Доступность свободного арахидоната в клетках и, таким образом, биосинтез лейкотриенов и других эйкозаноидов, включая простагландины, жестко контролируется регулируемым действием фосфолипазы A2s (PLA2s), высвобождающей эту жирную кислоту путем гидролиза sn-2-эфира глицерофосфолипидов присутствуют в качестве основных компонентов клеточных мембран. Клетки млекопитающих содержат множественные типы PLA2 (6), но общепринято, что цитозольная группа IVA PLA2-α (cPLA2-α, также известная как группа IVA PLA2, PLA2G4A) играет ключевую роль в опосредованном агонистом высвобождении арахидоната для биосинтеза эйкозаноидов. Это основано на исследованиях с ингибиторами cPLA2-α (7-10) и cPLA2-α-дефицитными мышами (11-13). Геном млекопитающих также кодирует 10 секретируемых PLA2 (sPLA2s). Роль этих ферментов в биосинтезе эйкозаноидов гораздо менее ясна. Нарушение гена V sPLA2 группы (PLA2G5) у мышей приводит к
50% -ному снижению количества продуцирования LTC4 и PGE2 в стимулированных зимозаном перитонеальных макрофагах (14). Было показано, что группы IIA, V и X sPLA2 координируются с cPLA2-α, чтобы увеличить выделение арахидоната из культивируемых клеток (15-20), но механизм этого координатного действия между cPLA2-α и sPLA2 неизвестен.

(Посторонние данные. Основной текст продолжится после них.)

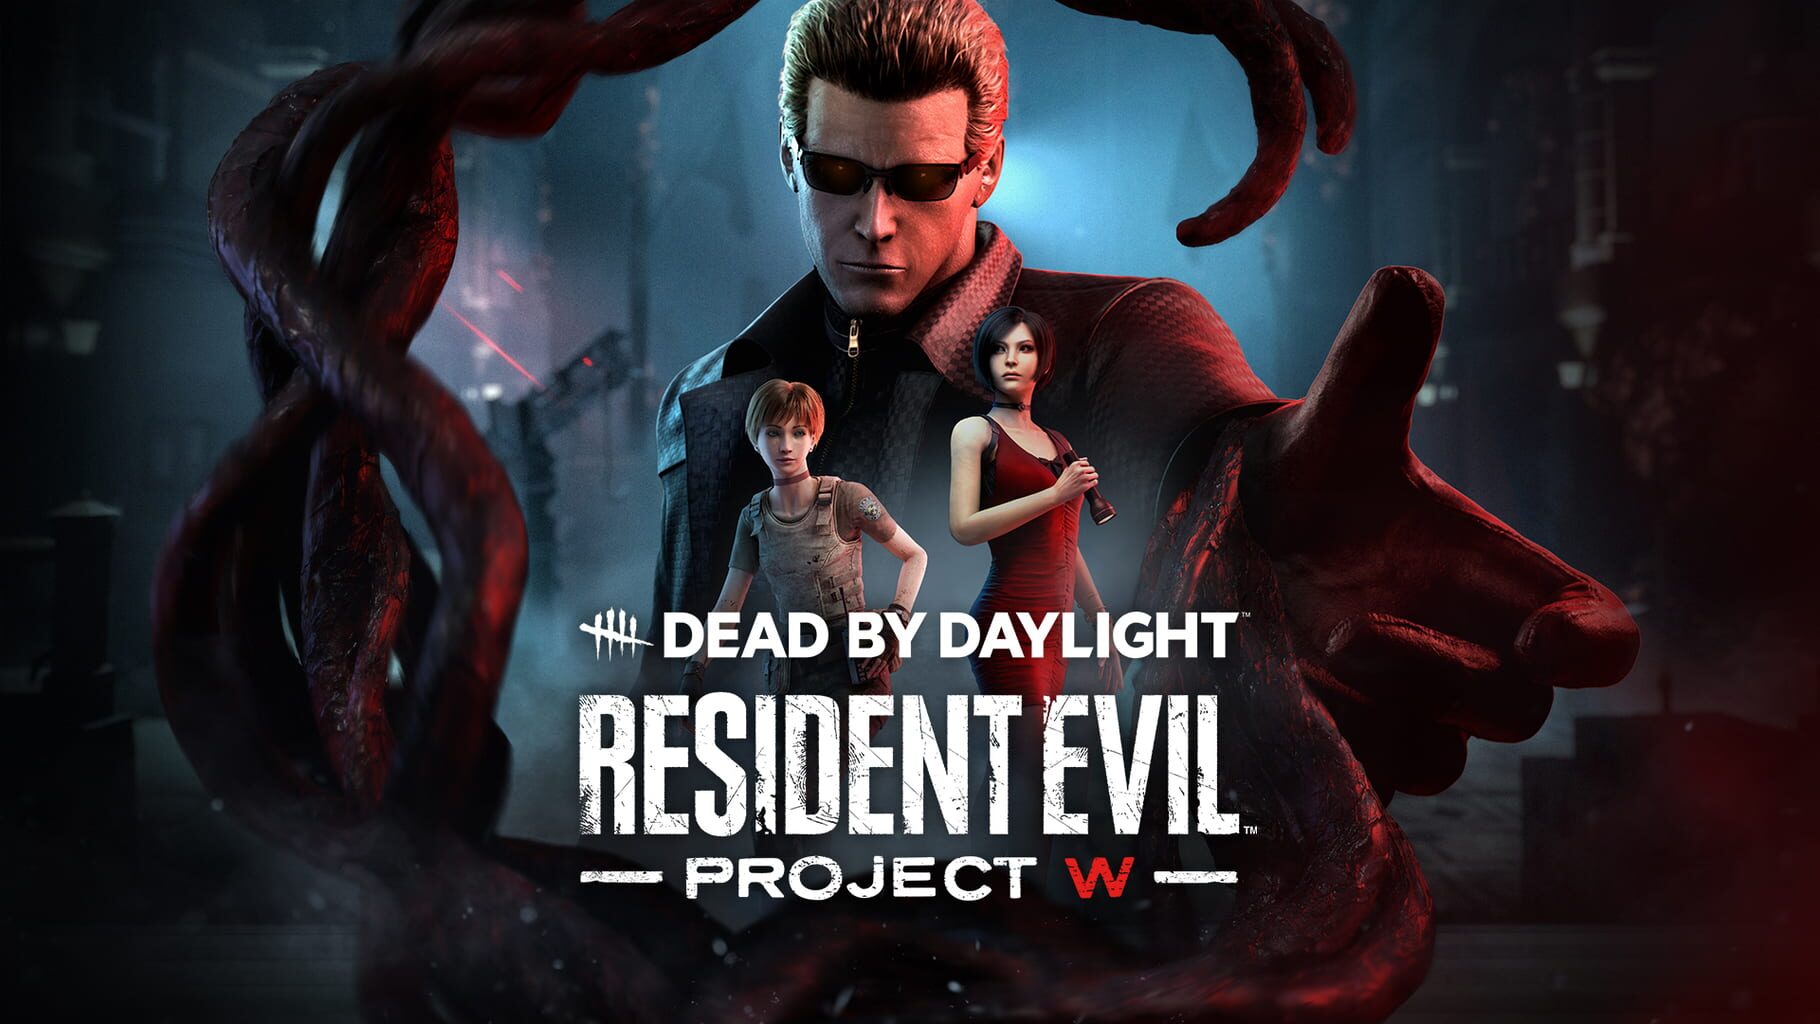 Arte - Dead by Daylight: Resident Evil - Project W

Систематическое исследование межфазных кинетических и связывающих свойств полного набора мышиных и человеческих sPLA2 показывает, что группа X sPLA2 (sPLA2-X; PLA2G10) выделяется как имеющая наибольшую активность фосфолиполиза при добавлении в культивируемые клетки (21, 22) , Исходя из этих данных и того факта, что sPLA2-X экспрессируется в человеческих (23, 24) и мышечных легких (это исследование), мы исследовали возможную роль sPLA2-X в модели астмы мышей путем образования sPLA2-X-дефицитного мышь для изучения воспаления и ремоделирования, вызванного аллергеном. В этом первоначальном исследовании мы исследовали модель заболевания животных, а не эксперименты с одиночными клеточными типами in vitro, поскольку sPLA2-X является секретируемым ферментом и может эффективно действовать внеклеточно во многих, если не во всех, типах клеток млекопитающих, чтобы высвободить арахидоновую кислоту. Поэтому исследования с культивируемыми клетками млекопитающих не могут пролить свет на поведение sPLA2-X в тканях. Это другая ситуация, чем с cPLA2-α, которая действует в цитоплазме.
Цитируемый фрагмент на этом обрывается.